Il canto delle Sirene

a cura di Alessandra Corradini

Un parco nazionale mitologico

Qui il mare è più blu e le spiagge più spiagge. Potrei già concludere il discorso, ma come si fa a fingere che non cilogo pncvda R copy sia una storia millenaria e un territorio incantevole? Eh, già, perché il Cilento è un incanto e un incantesimo.

Come quello dell’isola delle Sirene il cui canto faceva perdere la bussola ai marinai che si schiantavano sugli scogli, proprio da queste parti.

Non so se siano peggio le sirene incantatrici o il caldo che fa, per cui direi che potremmo fare un giro nel Parco Nazionale del Cilento e Vallo di Diano, chissà che nelle zone più alte, intorno ai 1900 metri, si possa respirare almeno un po’.

La natura è aspra, la bellezza è tale che queste zone sono diventate patrimonio UNESCO e con questo possiamo dire che, fatti quattro conti, tutta la provincia di Salerno sembra parte di un disegno divino.
Partiamo dalla zona nord del Parco, dai monumentali monti Alburni che, con la loro severa bellezza quasi dolomitica, mettono la giusta dosa di soggezione.
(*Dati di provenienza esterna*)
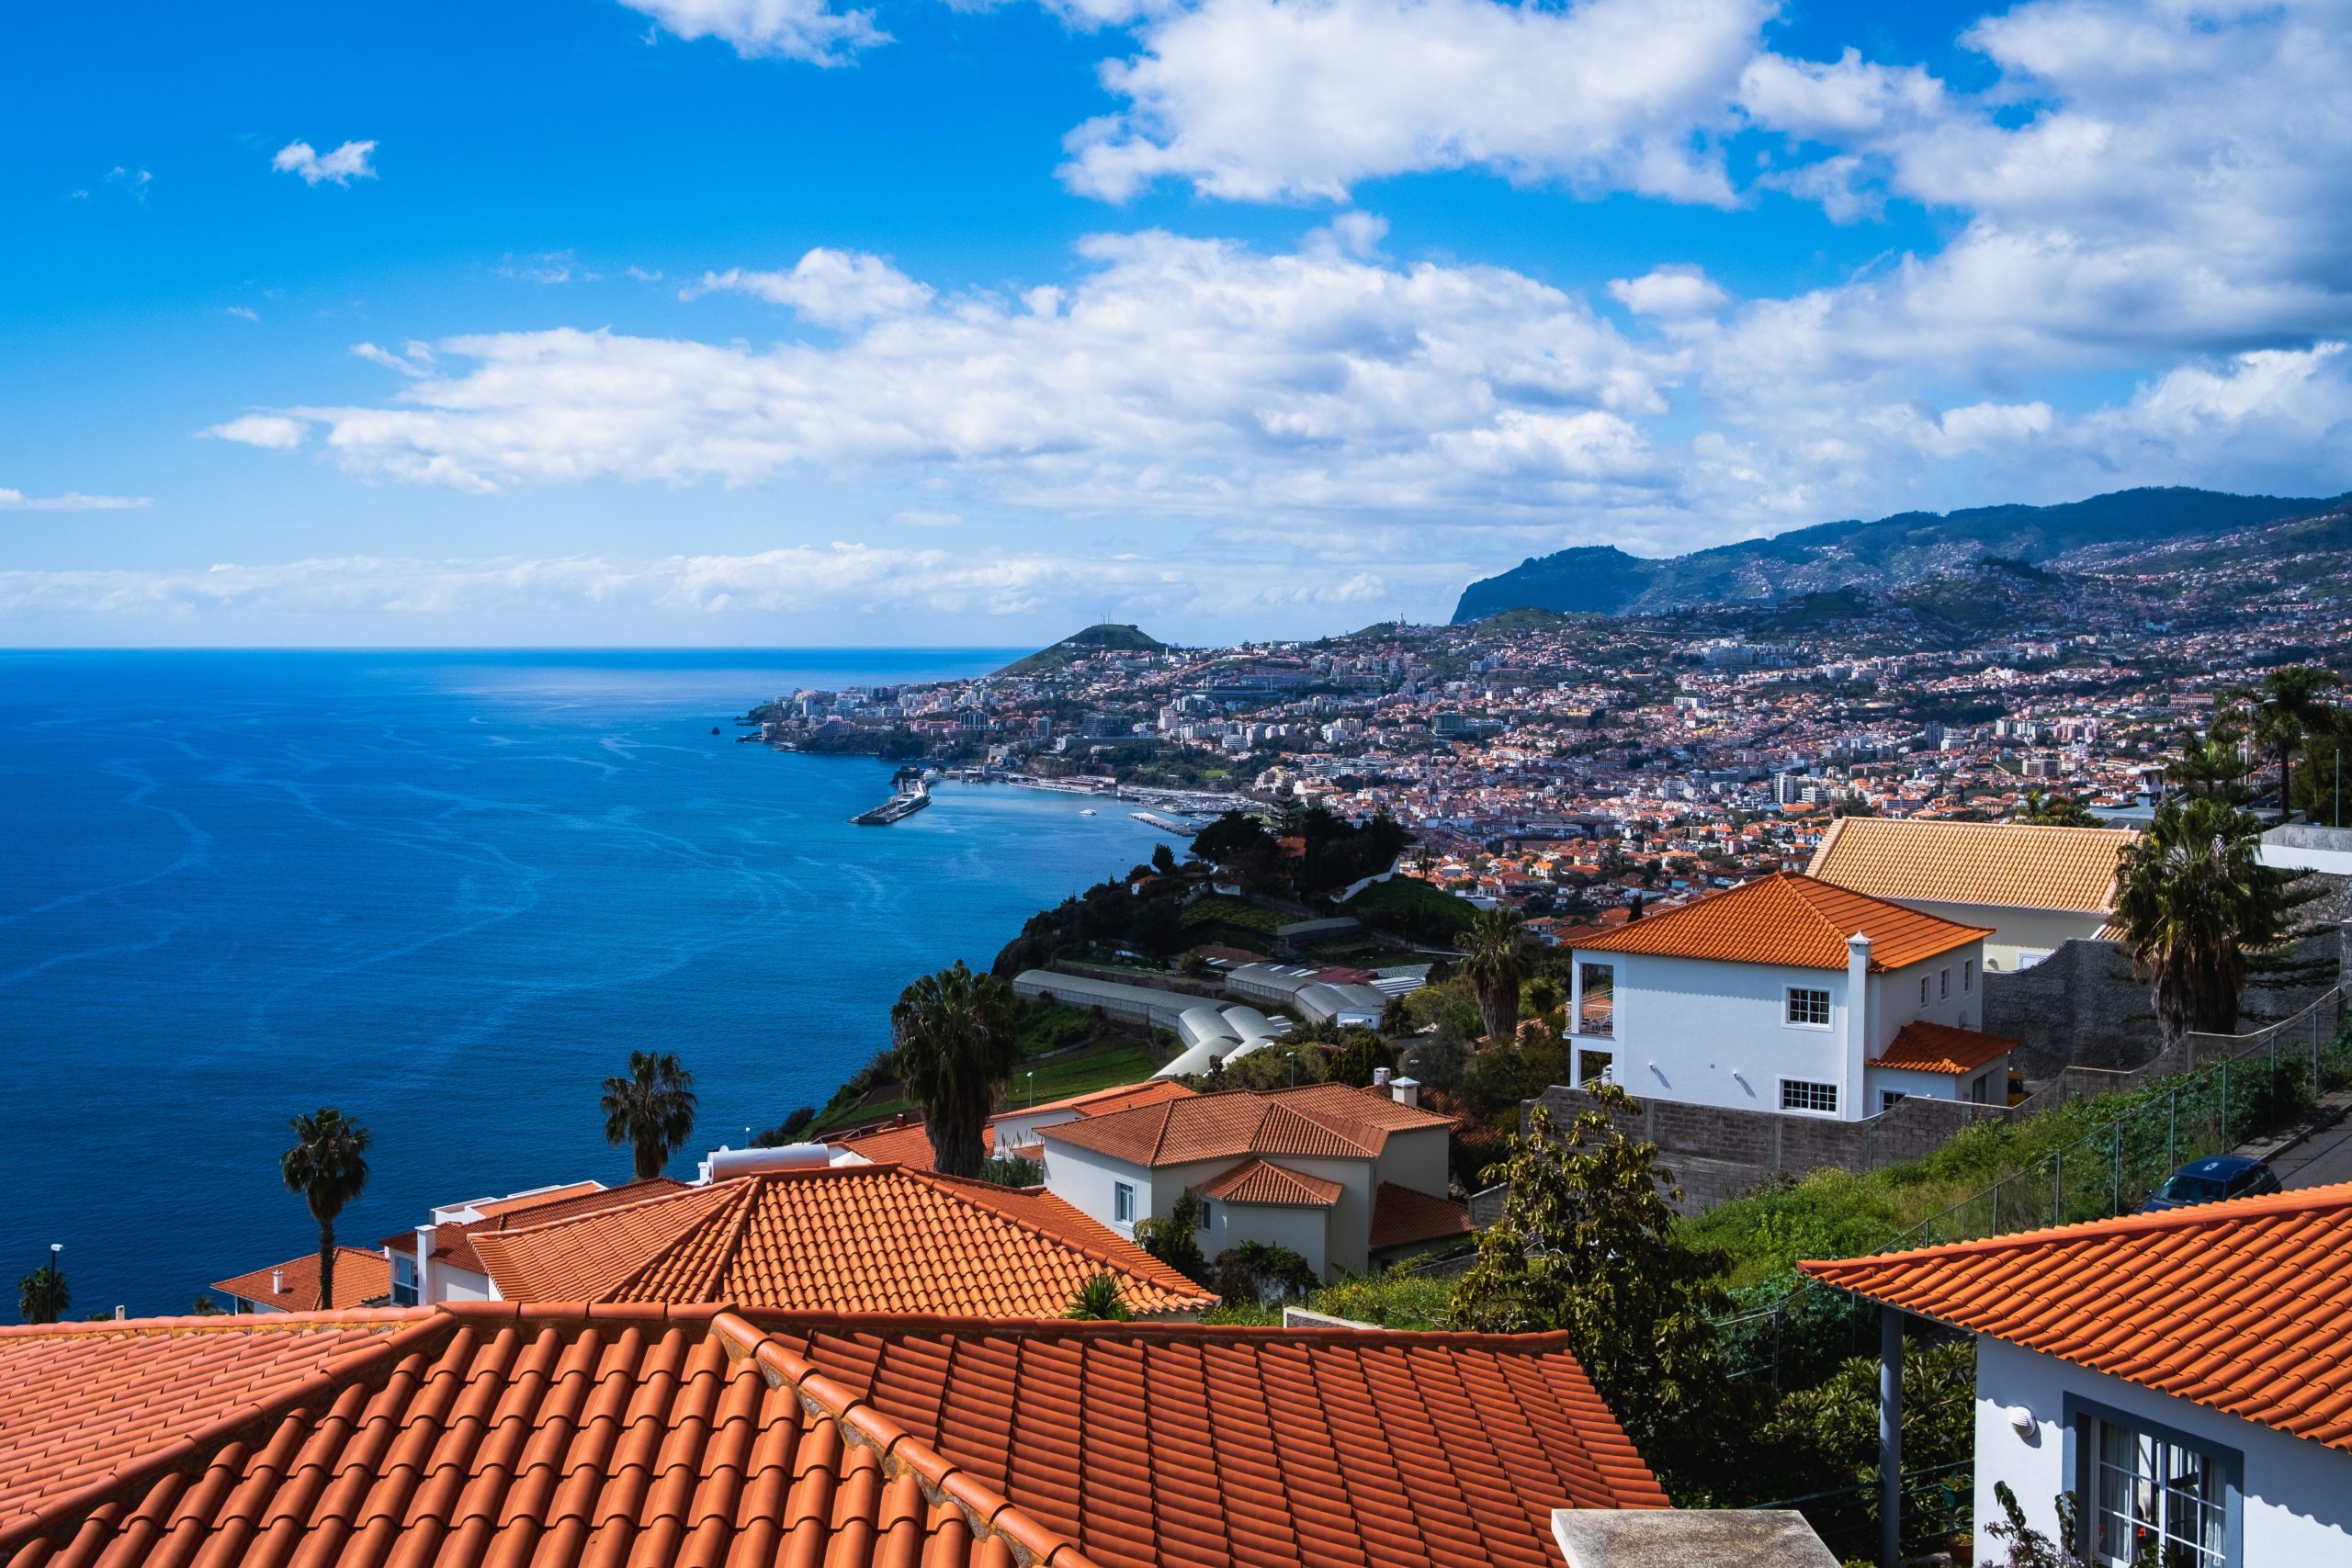 Explore Madeira island
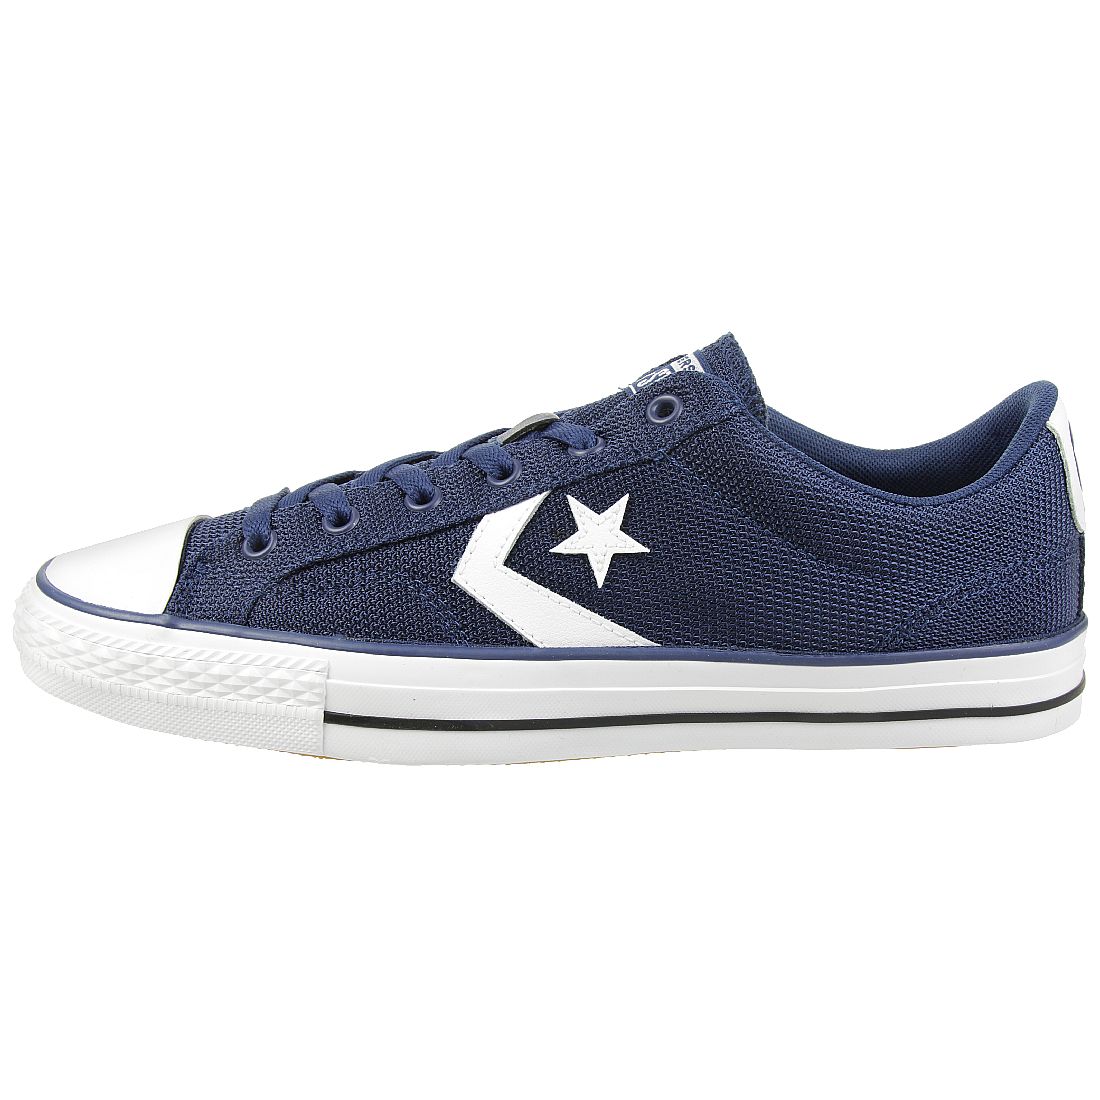 Converse STAR PLAYER OX Schuhe Sneaker 160582C blau

Al centro del Parco, Roscigno Vecchio (e dire “vecchio” da queste parti significa “antico di millenni”) ha una storia intensa, infatti è detto paese-museo, perché lo è a tutti gli effetti.
Gli abitanti sono lentamente fuggiti dall’instabilità del territorio, dalle frane e dalle
alluvioni, ma quel che resta è un luogo architettonicamente intatto, cristallizzato nella sua commovente bellezza.

A parlare del Parco Nazionale del Cilento si vince facile, perché

ovunque ti giri, c’è la storia, il lavoro dell’uomo che ha in parte forgiato il territorio, l’arte e il mito.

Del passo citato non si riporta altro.